======== DATASET EXTRACT

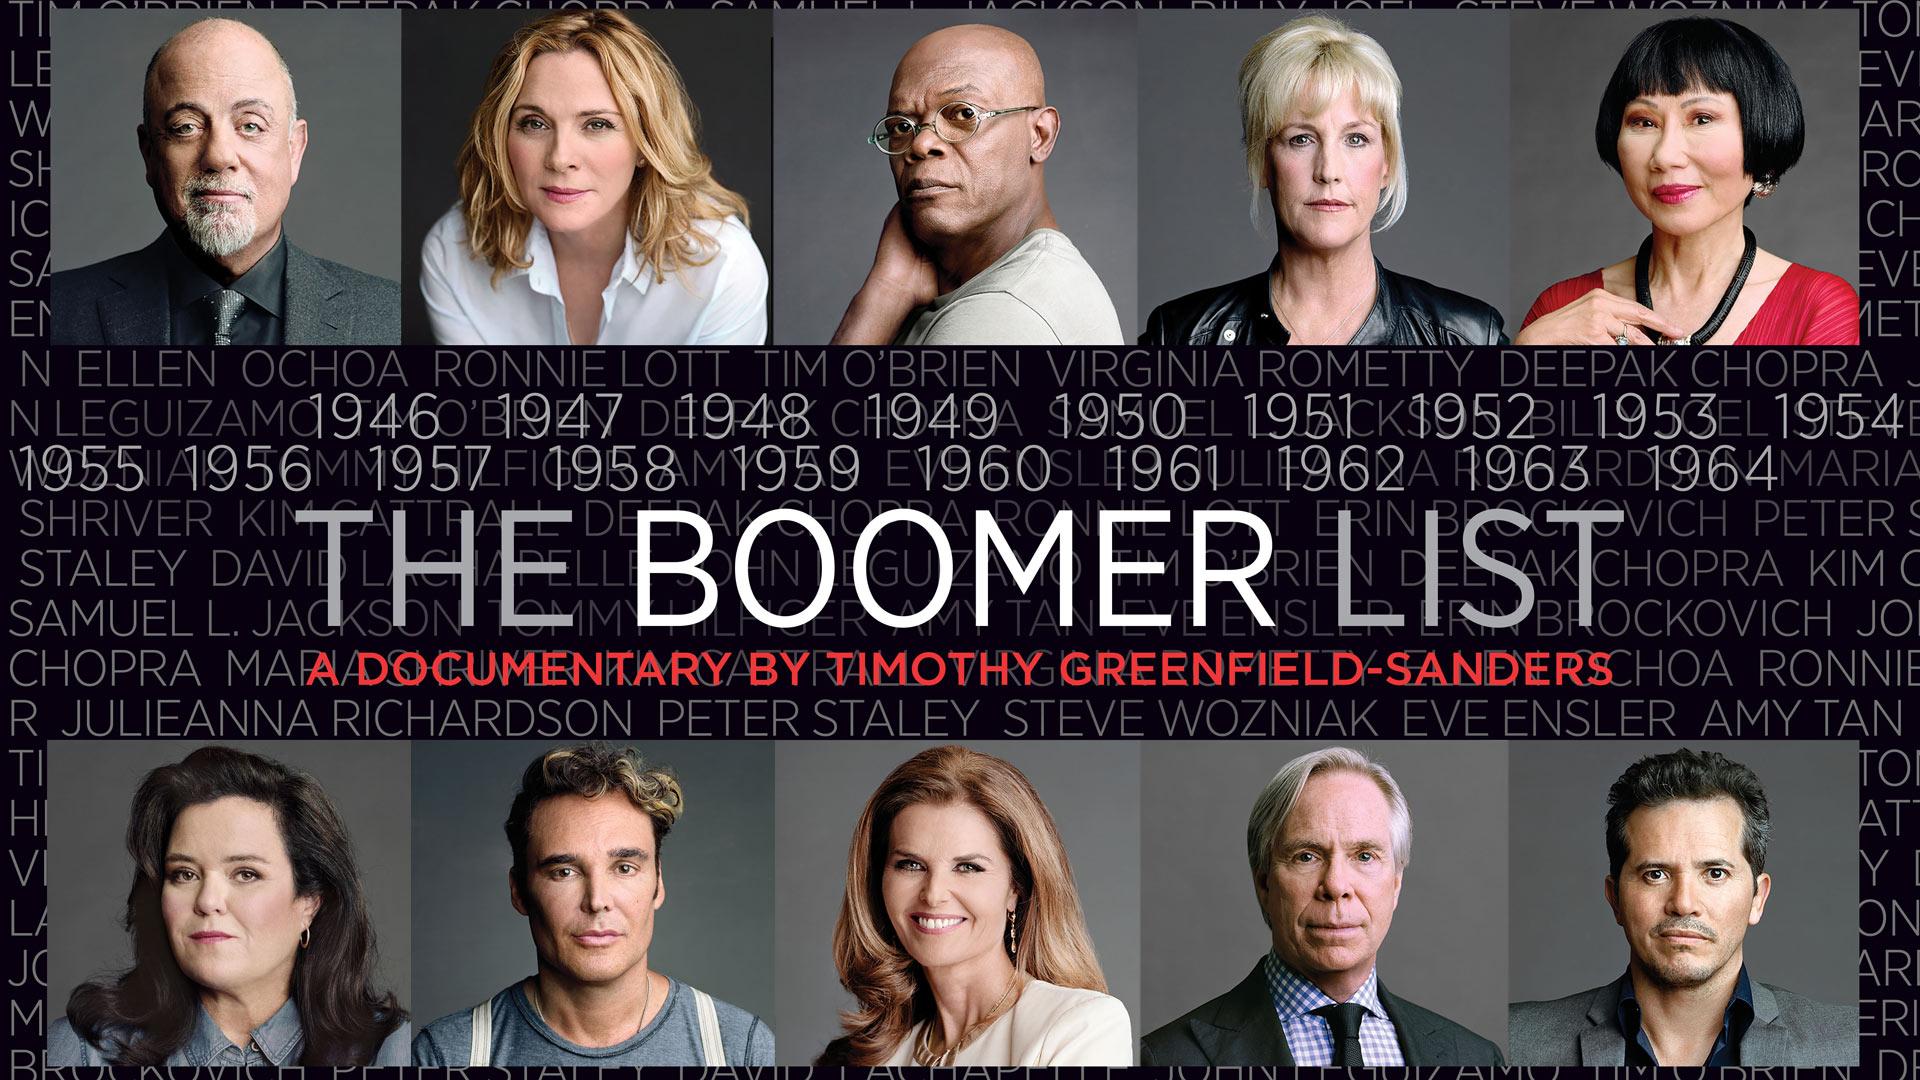 boomers - photo #36
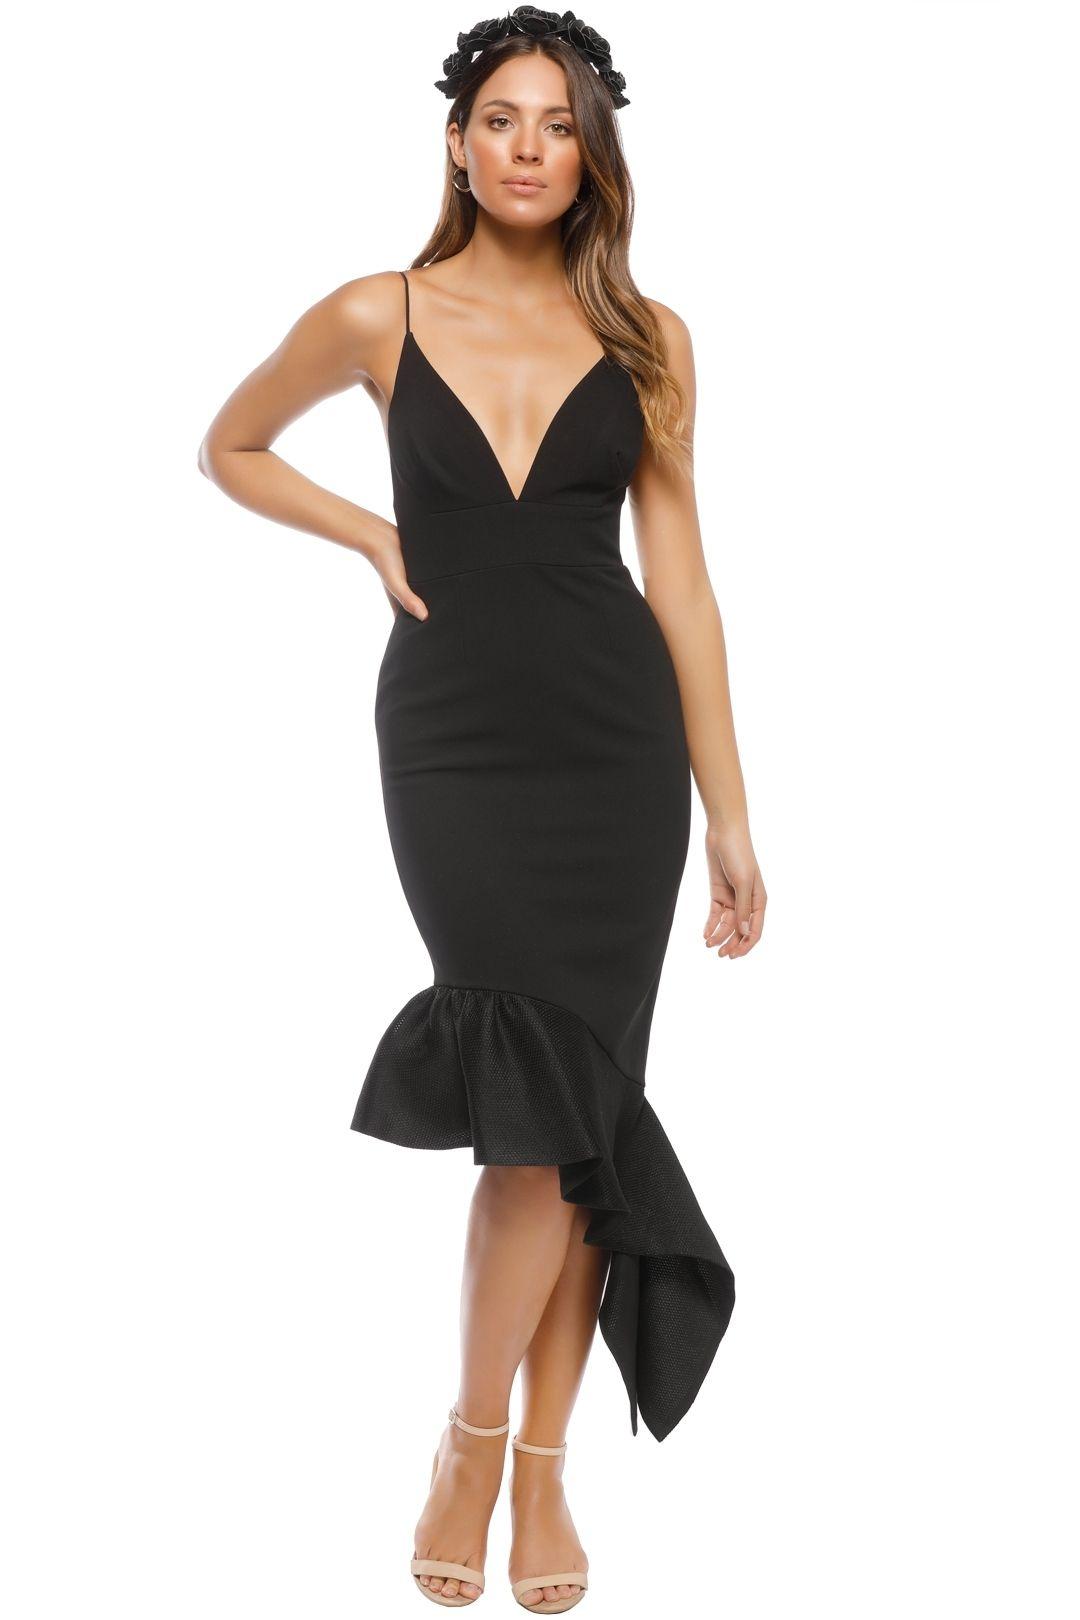 Talulah - Renegade Midi Dress - Black - Front
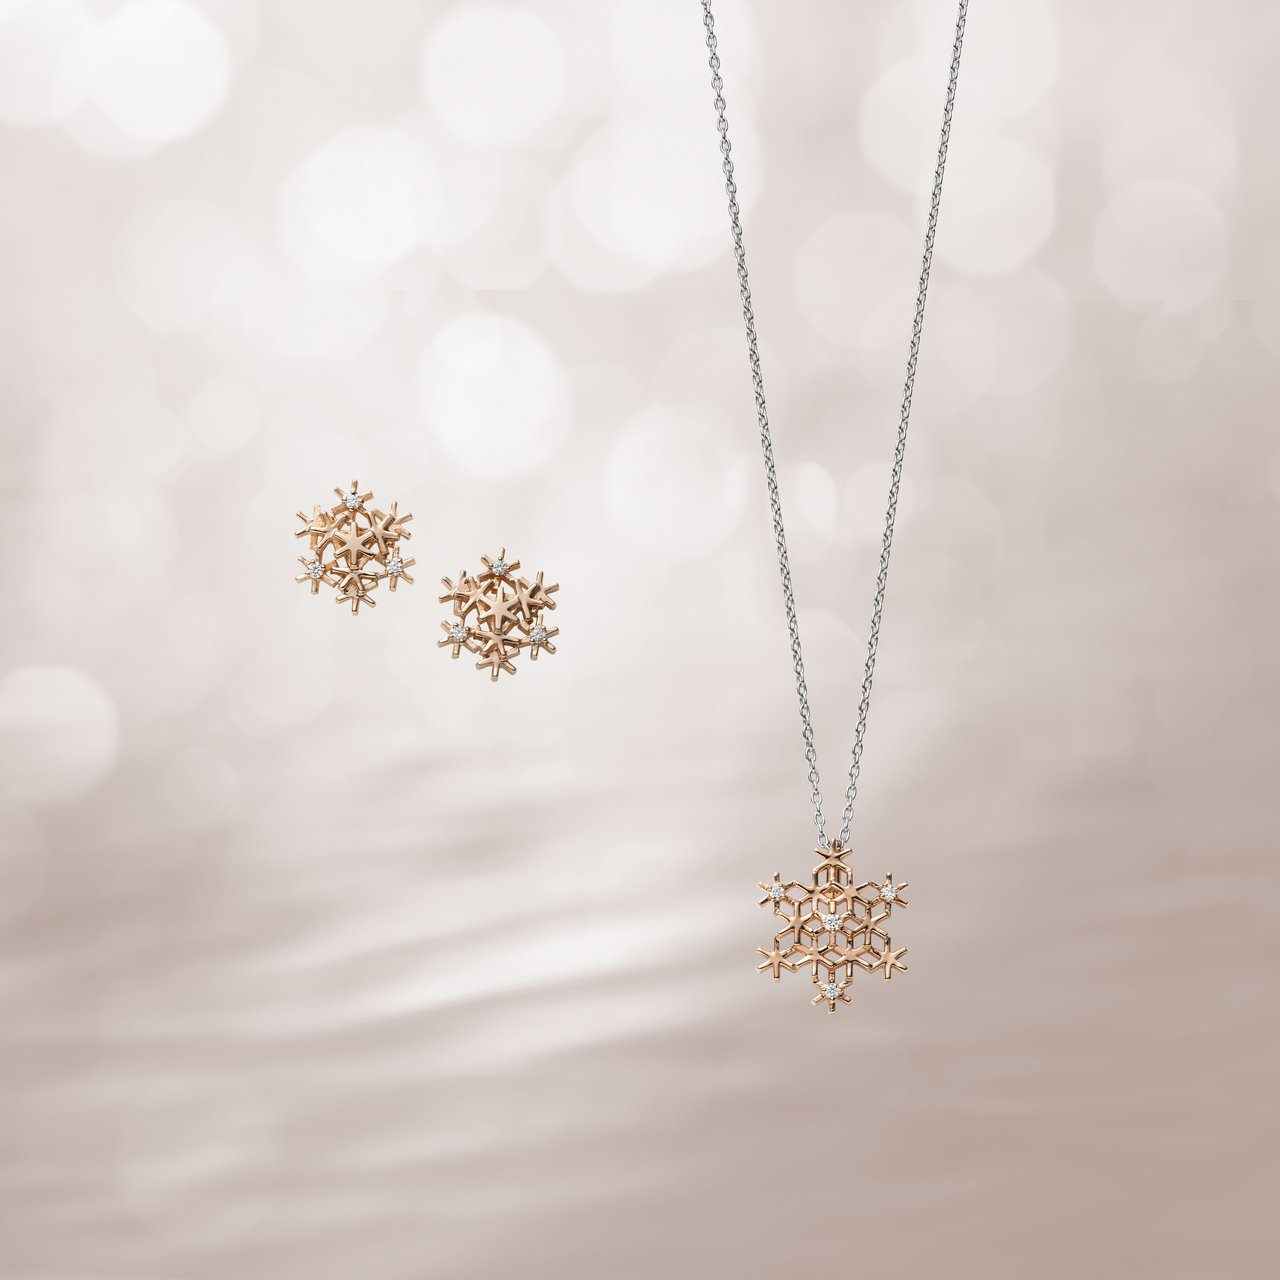 MIKIMOTO 18K粉紅金鑽石雪花耳環及墜鍊。圖/MIKIMOTO提供

================

TO DO:
An exact retyping of the material, minus the pictures, is the required answer.

OUTPUT BELOW:
 boomers - photo #36
 Talulah - Renegade Midi Dress - Black - Front
 MIKIMOTO 18K粉紅金鑽石雪花耳環及墜鍊。圖/MIKIMOTO提供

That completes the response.